In which cases trade secret protection may be beneficial?
While a decision will have to be taken on a case-by-case basis, in the following
circumstances, it would be advisable to consider trade secret protection:
 
 When the subject matter which has been kept secret is not patentable.
 When the likelihood is high that the information can be kept secret for a
considerable period of time.
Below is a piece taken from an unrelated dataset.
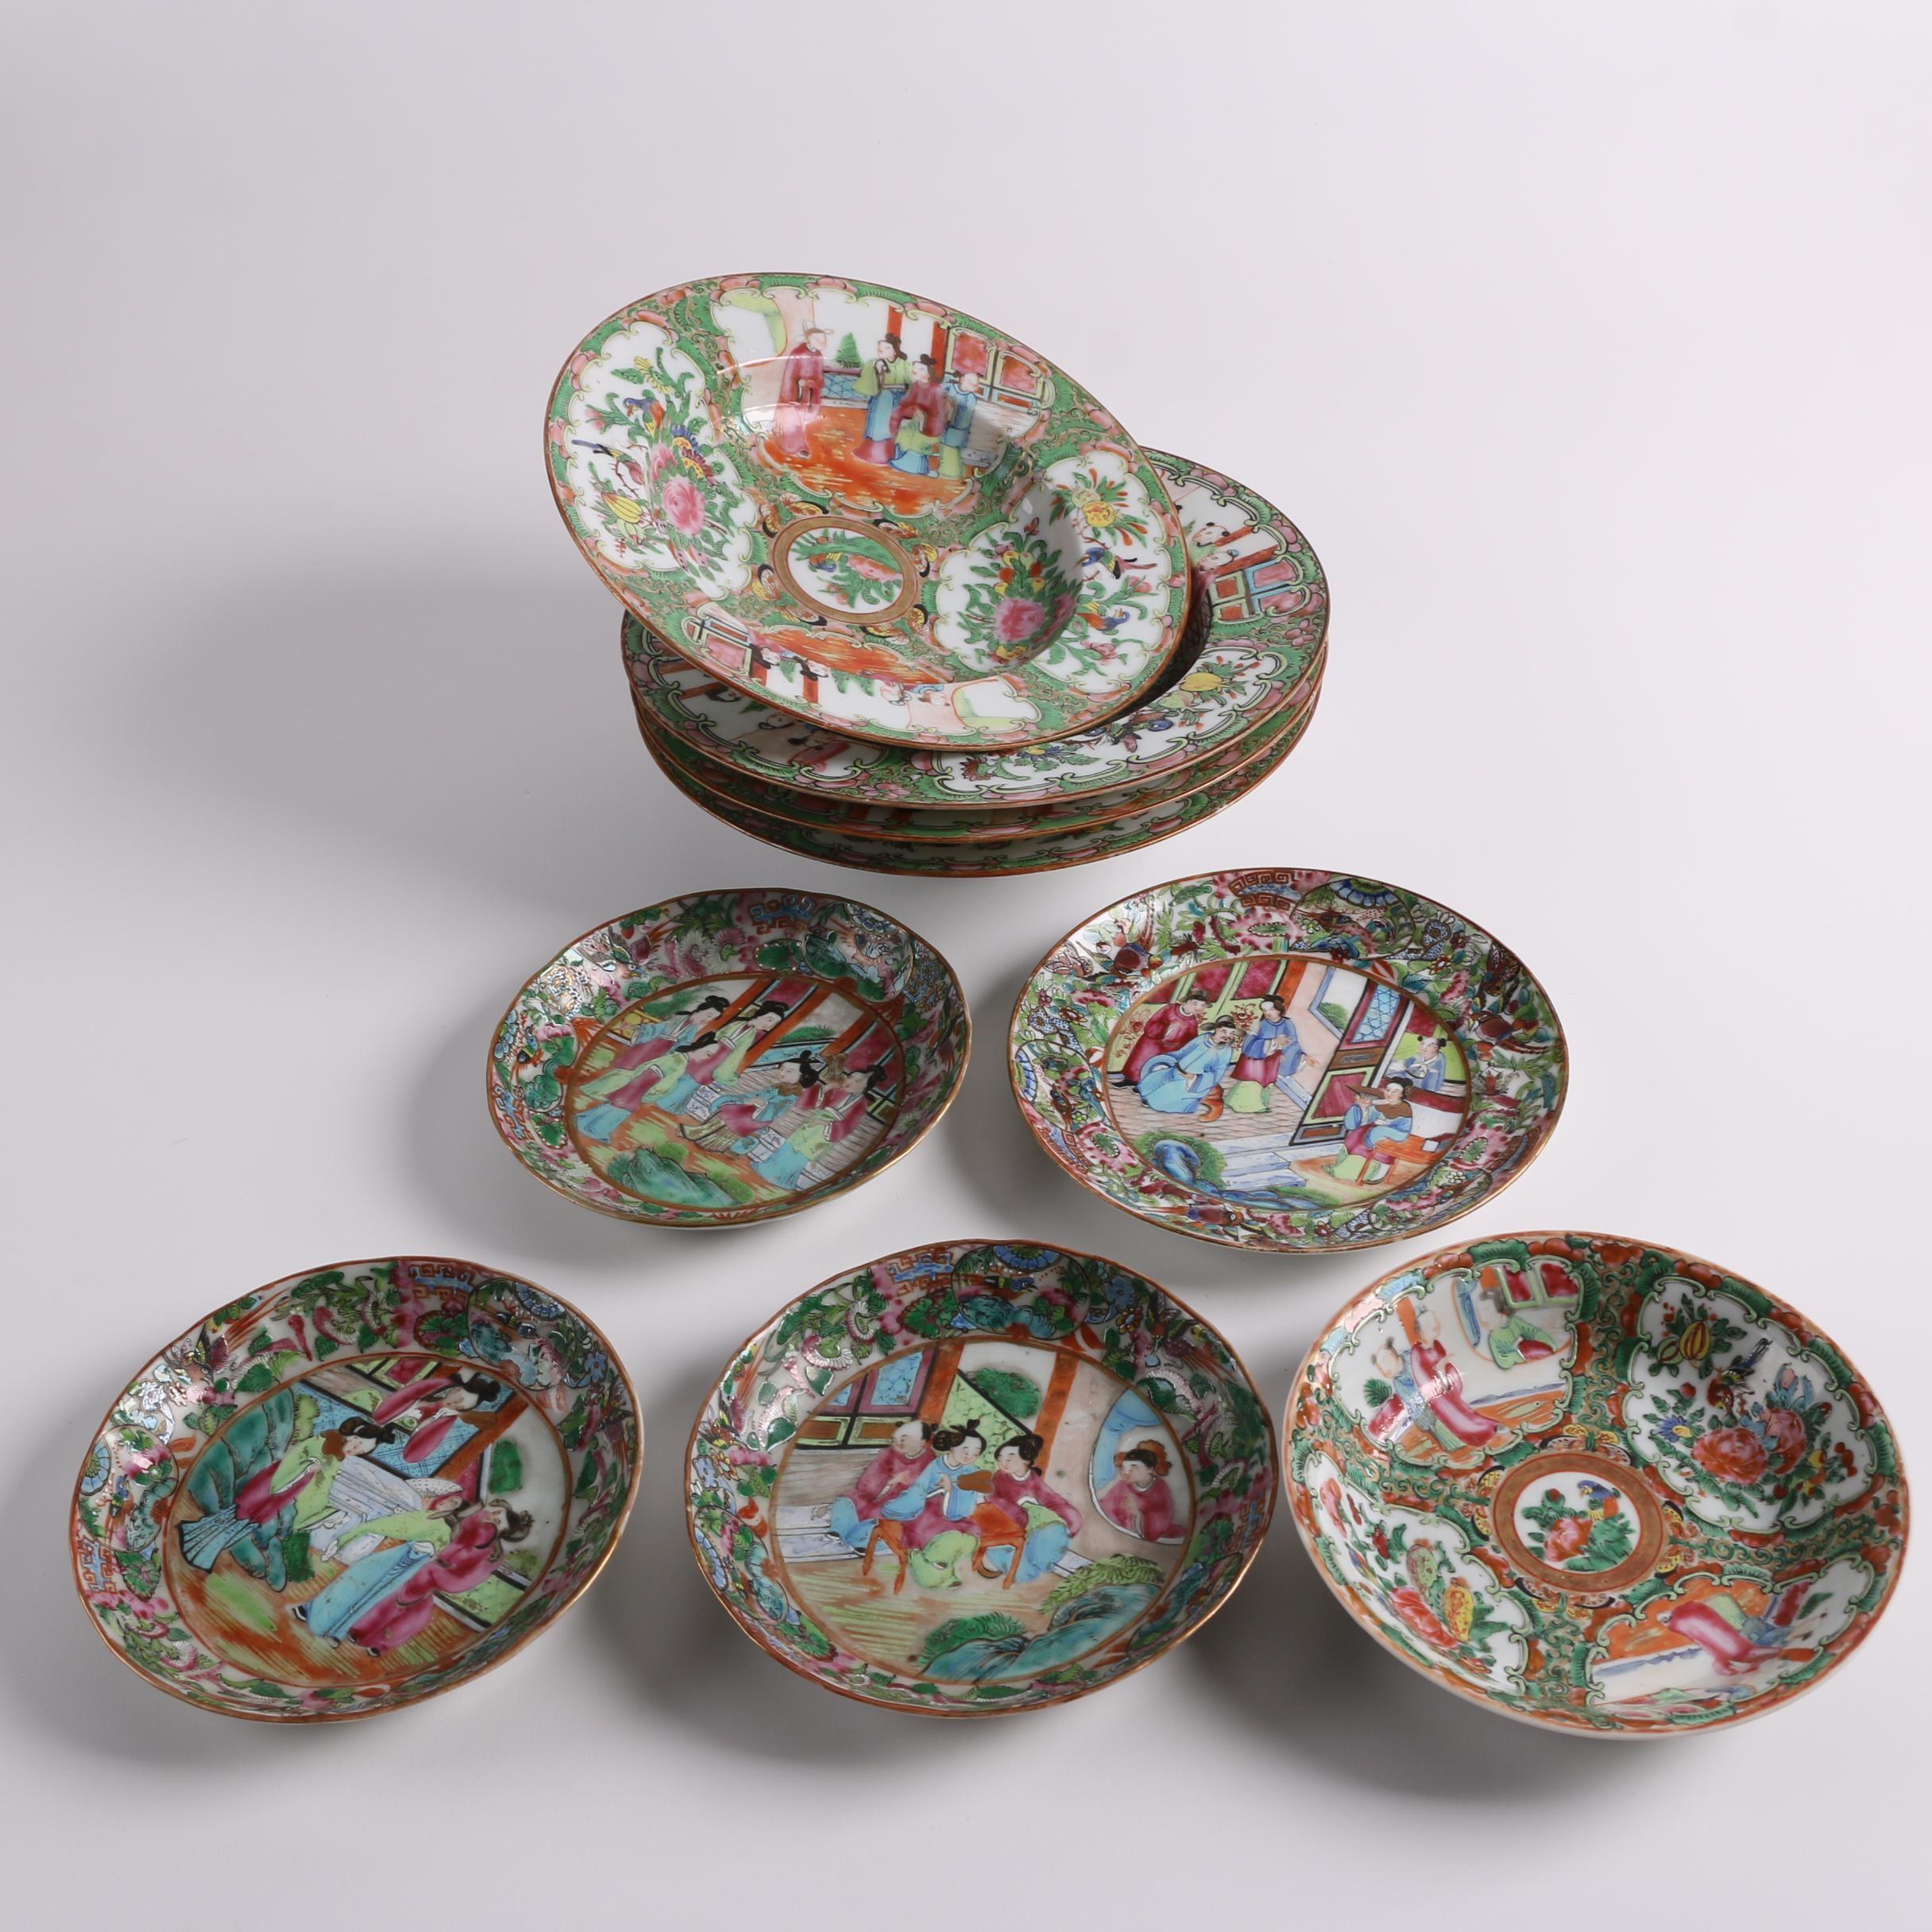 Antique Chinese Rose Mandarin and Rose Medallion Porcelain Dinnerware

If the secret information consists of a patentable
invention, trade secret protection could be attractive if the secret can be kept
confidential for over 20 years (duration of patent protection) and if others are not
likely to come up with the same invention in a legitimate way.
 When the trade secret is not considered to be of such great value to be
deemed worth a patent (though a utility model may be a good alternative in
countries where utility model protection exists).
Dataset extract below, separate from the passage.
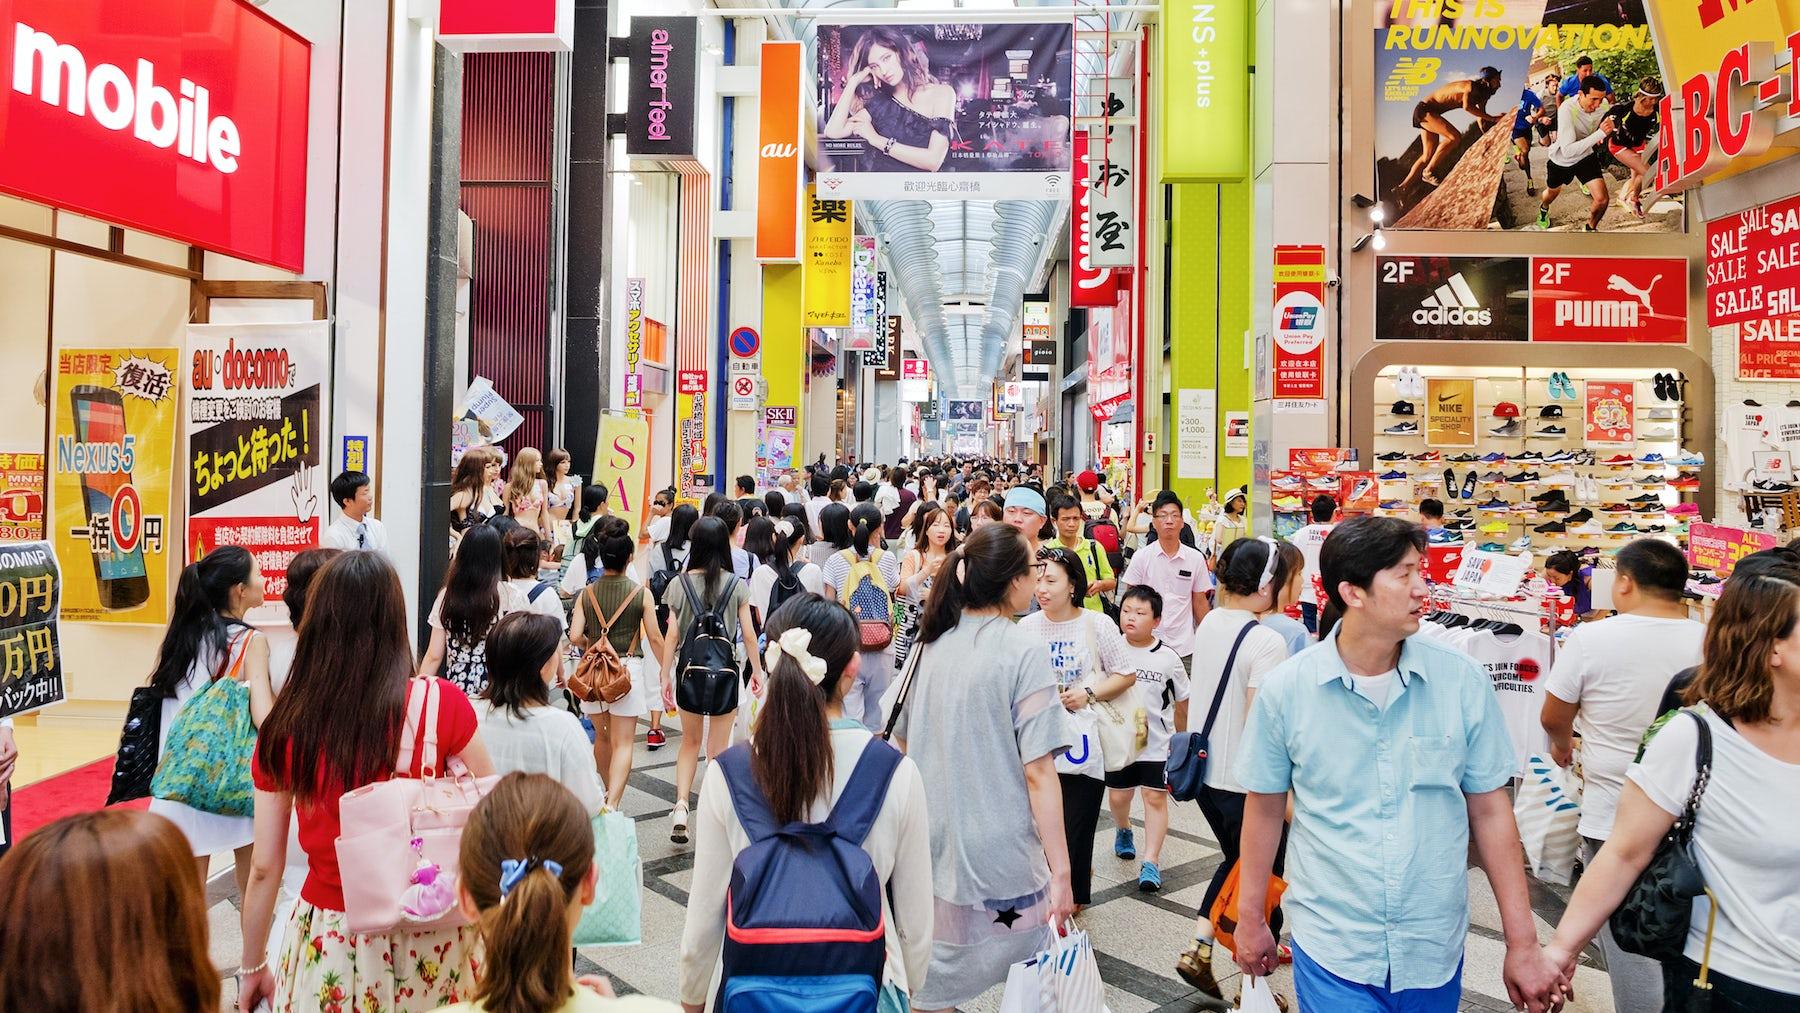 Shoppers in Dōtonbori, a tourist destination in Osaka, Japan | Source: Courtesy

 When the secret relates to a manufacturing process rather than to a product,
as products would be more likely to be reverse engineered.
 Before filing a patent and during the patent prosecution process until the patent
application is published by the patent office (generally after 18 months from the
filing date or the priority date).
It is important to bear in mind, however, that trade secret protection may be more
difficult to enforce in most countries, that the conditions for, and scope of, its protection
may vary significantly from country to country and that significant and possibly costly
efforts to preserve secrecy may be required. Further, it has to be kept in mind that, once
the secret is made public, the protection ends. WIPO Lex provides easy access to
national and regional legislation on patents, utility models, competition and undisclosed
information (trade secrets).
Which precautionary measures should be taken by business?
Trade secrets are widely used by business. In fact, many companies rely heavily on
trade secrets for the protection of their intellectual property (although in many cases,
they may not even be aware that trade secrets are legally protected). Known examples
are the Coca Cola formula and sources codes for software. It is important, therefore, to
make sure that enterprises take all necessary measures to protect their trade secrets
effectively. This includes:
 Firstly, considering whether the secret is patentable and, if so, whether it would
not be better protected by a patent.
 Secondly, making sure that a limited number of persons know the secret and
that all those who do are well aware that it is confidential information. For
example, such steps can include restricting access to buildings, marking
confidential documents and establishing IT security.
 Thirdly, including confidentiality agreements within employees’ contracts.
Under the law of many countries, however, employees owe confidentiality to their
employer even without such agreements. The duty to maintain confidentiality on
the employer’s secrets generally remains, at least for a certain period of time,
even after the employee has left the employment.
 Fourthly, signing confidentiality agreements with business partners whenever
disclosing confidential information.
What protection is provided against the use of secret information by employees
or former employees?
The business that holds the trade secret is responsible for making every effort it can to
keep it confidential. Employees can be required to sign agreements that protect trade
secrets. In particular, when contractors or employees leave, it is important to make sure
that they will not compete with the business after they leave, in addition to signing a
confidentiality agreement. Those agreements are known as confidentiality, non-
disclosure and non-compete contracts. If those agreements are violated, an
employee might face penalties, along with damages to the company. However, it has to
be kept in mind that those contracts should not restrict the contractor's or employees’
rights to earn a living.
Can more than one person have trade secret rights to the same information?
It is possible that more than one person or entities can claim rights to the same trade
secret on the same technology or commercial information if both independently
developed that technology and both take reasonable steps to keep it a secret, as long
as the technology is not “generally known”.